Выбрать главу

– Ты же друид. Тебе стоило только приказать, и он бы остался!

– Я не могу приказывать своим друзьям, Асдем. Но я попросил Эрвана стать моим магистражем, и перед самым уходом он согласился. Так что теперь между нами существует незримая связь, и я знаю, что он жив…

– Ну вот, теперь у тебя нет ни друга, ни магистража!

– Ты собрался меня воспитывать? Я отпустил Эрвана, потому что он влюбился. По-настоящему влюбился. И к тому же не в первую попавшуюся девчонку.

– А кто она, эта девочка? – недоверчиво спросил пекарь.

– Ты что, ничего о ней не слышал? – удивился друид.

– Я слышал столько всего, что уже не знаю, что и думать. Одни считают, что она Самильданах, другие – что она только так говорит, третьи – что она состоит на службе в Харкуре, четвертые – что она пришла вместе с туатаннами… Говорят еще, что она лучшая подруга королевы, а еще толкуют, что она просто воровка из Сарра…

– А еще что ты о ней слышал? – спросил друид.

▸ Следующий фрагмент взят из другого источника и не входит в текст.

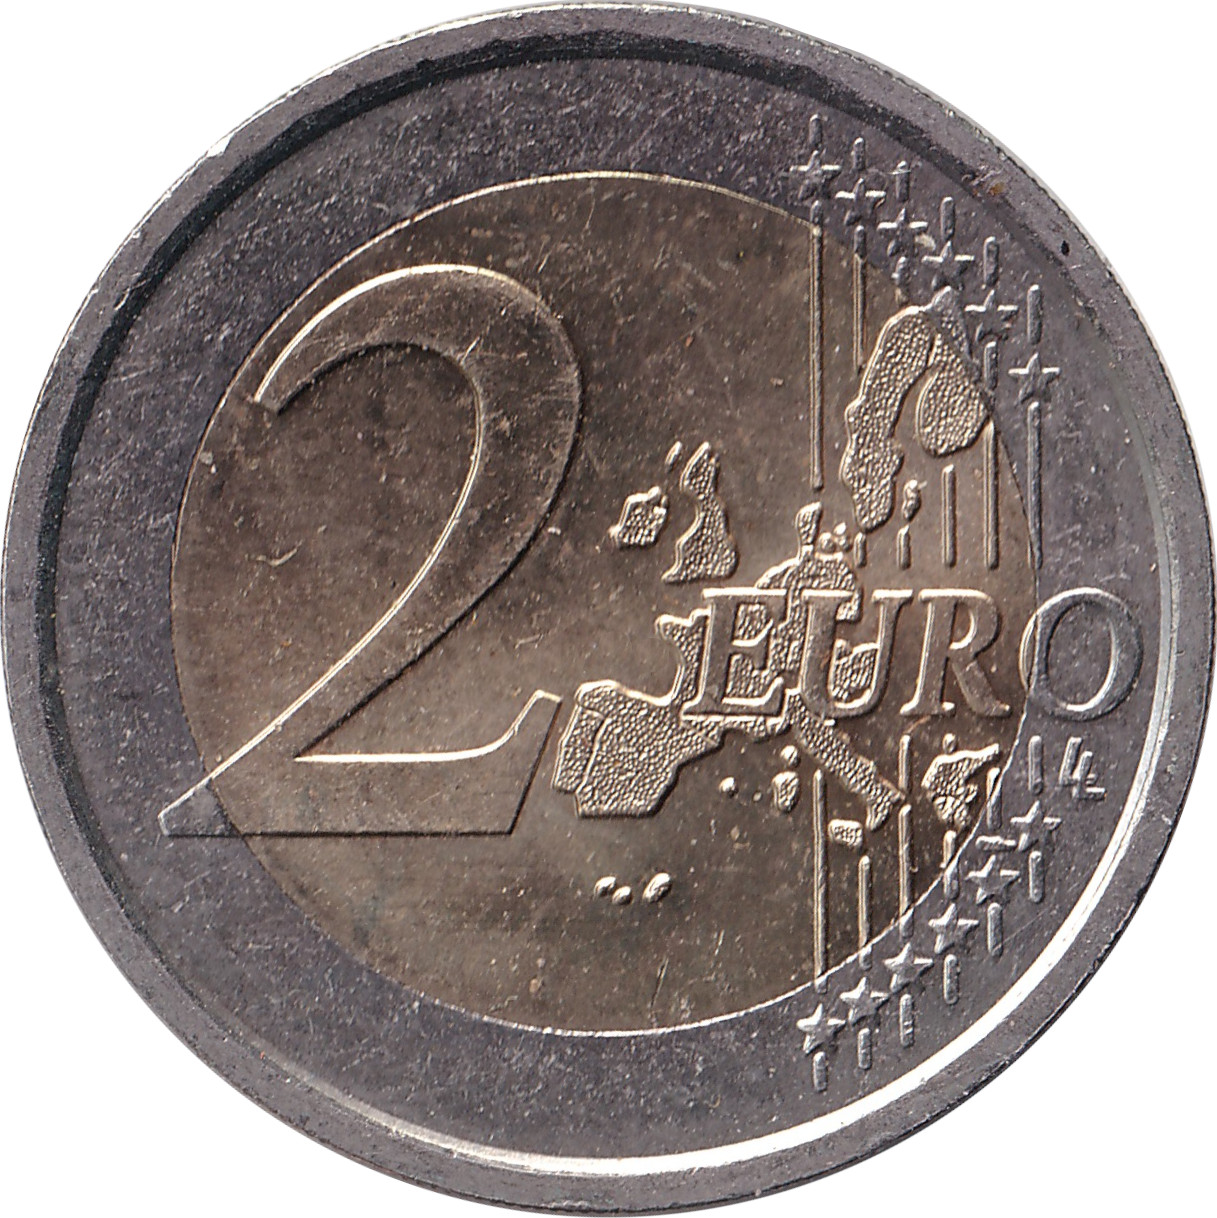 2 euro - Constitution européenne

– Что будто бы она умеет разговаривать с животными, с сильванами… Кто-то думает, что ее прислал Маольмордха, кто-то – что Самаэль… В общем, разговоров о ней много, только вот кто она на самом деле, непонятно! А сам-то ты что о ней знаешь?

– Я знаю только, что в нее влюблен Эрван. И это меня обнадеживает. Мне известно также, что этой девочкой очень интересуется Совет, но им известно о ней очень мало. Я знаю, наконец, что она нашла кольцо Самильданаха и что теперь она может…

– Что?

Фингин помедлил немного. Ему самому с трудом верилось в то, что он собирался сказать:

– Теперь она сама может стать Самильданахом.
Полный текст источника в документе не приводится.